The administrative state — the leviathan of administrative agencies such as the Agriculture and Homeland Security departments, generally created and given lawmaking powers by Congress but run by the executive — is a favorite boogeyman of the pro-Donald Trump right.
In February 2017, Steve Bannon, architect of the Trump campaign, promised the administration would focus on the “deconstruction of the administrative state.” In a 2016 article titled “After the Republic,” Claremont Institute fellow Angelo Codevilla wrote that “Americans … no longer live politically” but are “ruled administratively according to scientific knowledge.” And a 2017 article by Deion Kathawa for the Center for American Greatness argues along the same lines that the Trump administration is mostly concerned with the American people’s ability to “chart their own political destiny unencumbered by … the administrative state.”
Yet the recent government shutdown over funding a border wall reveals this objection is not serious. Trump has threatened to secure funding for the wall via emergency declaration, if Congress will not fund it through normal procedure. The temporary agreement that reopened the government for three weeks did not resolve this. In his speech announcing the deal, Trump once again implied he could use an emergency declaration, and many congressional Republicans have indicated they’d be OK with that.

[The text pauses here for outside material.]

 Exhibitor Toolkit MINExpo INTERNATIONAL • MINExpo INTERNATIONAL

In an article for the right-wing website American Greatness, John Eastman lays out the case that Trump has this power. The argument is simple enough: the National Emergencies Act of 1976 grants the president the power to declare a national emergency and gives authority to the Defense Secretary to allocate their department’s funds for construction as they see fit.
In other words, the NEA transfers congressional power to allocate funds to an executive agency, the Defense Department. This is precisely the kind of law that an opponent of the administrative state would need to attack; shifting powers from Congress to the executive is exactly what defines the administrative state.

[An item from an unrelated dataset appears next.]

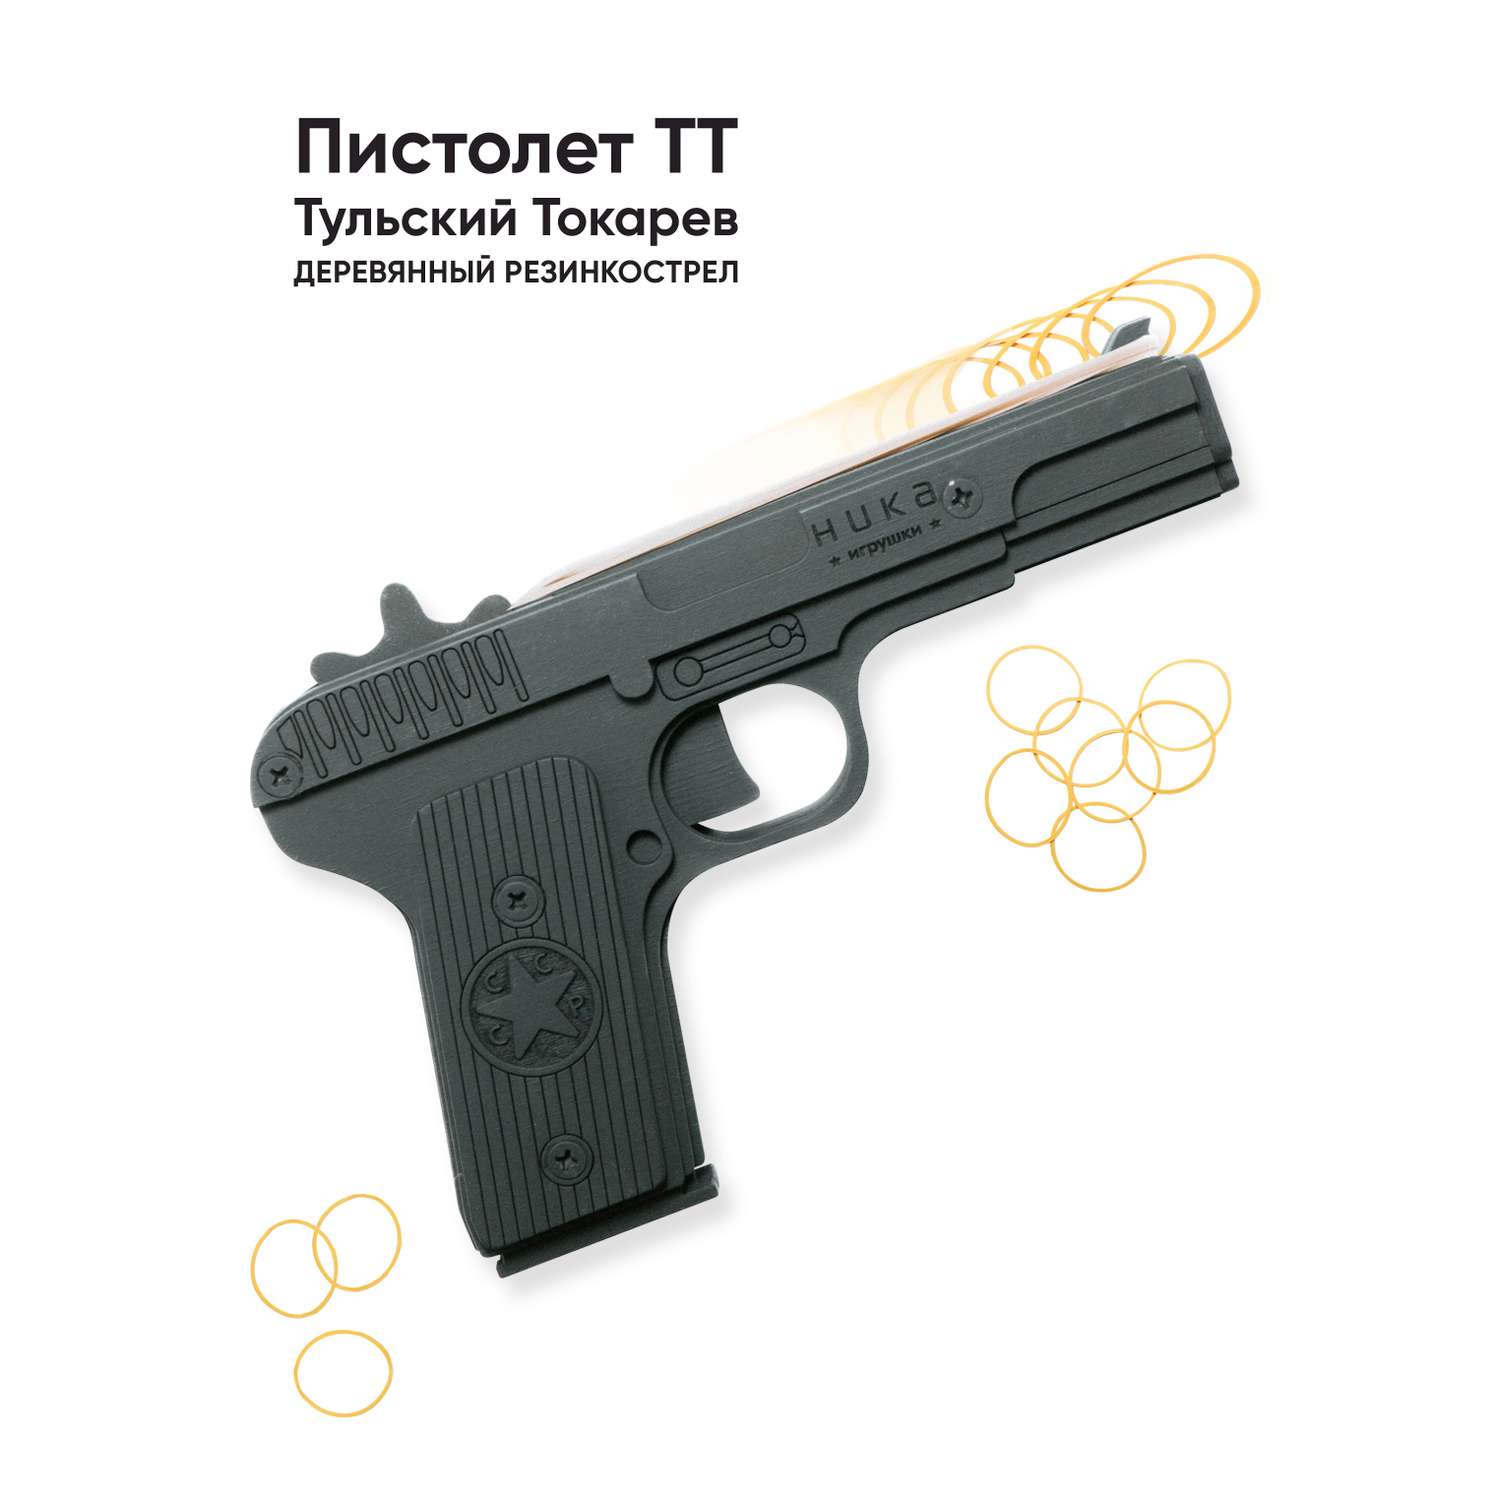 Пистолет игрушечный ТТ НИКА игрушки Резинкострел - фото 1

But instead of attacking this proposal, the same pro-Trump conservatives who claim to loathe the administrative state have rallied behind it. In another American Greatness article, for instance, Codevilla laments Trump’s “self-humiliating surrender to the ruling class, despite his possession of full power to trump that class by declaring the national emergency.”
As Eric Posner and Adrian Vermeule argue in their 2010 book, The Executive Unbound, emergency action is in fact a major way the administrative state expands. Based on the writing of Carl Schmitt, Posner and Vermeule posit that “[o]nly the executive is institutionally capable of reacting with sufficient speed and force.” This is especially true in times of crisis.
There’s no way around it, either. Congress is made up of 535 voting members, and at least 269 of them must agree for anything to happen. By contrast, the executive branch is under the control of one person. New rules must filter through the bureaucracy, but with the arguable exception of a few “independent” agencies — which in practice must cooperate heavily with the other agencies — the president can make the bureaucracy comply through hiring and firing. Nobody can make Congress agree on something.
I don’t really care about catching Republicans in hypocrisy here. My point is that arguments about the administrative state are a diversion that nobody takes seriously when they think they can win on the merits of a policy instead. The administrative state is a necessary component of a government that deals with modern problems effectively, and is not in itself oppressive.
What matters is the quality of the policies being enacted. Questions about the legitimacy of the “administrative state” only come up when Republicans don’t think the administrative state is making good policies. As Trump just showed us, this isn’t a serious argument, and we shouldn’t regard it as such.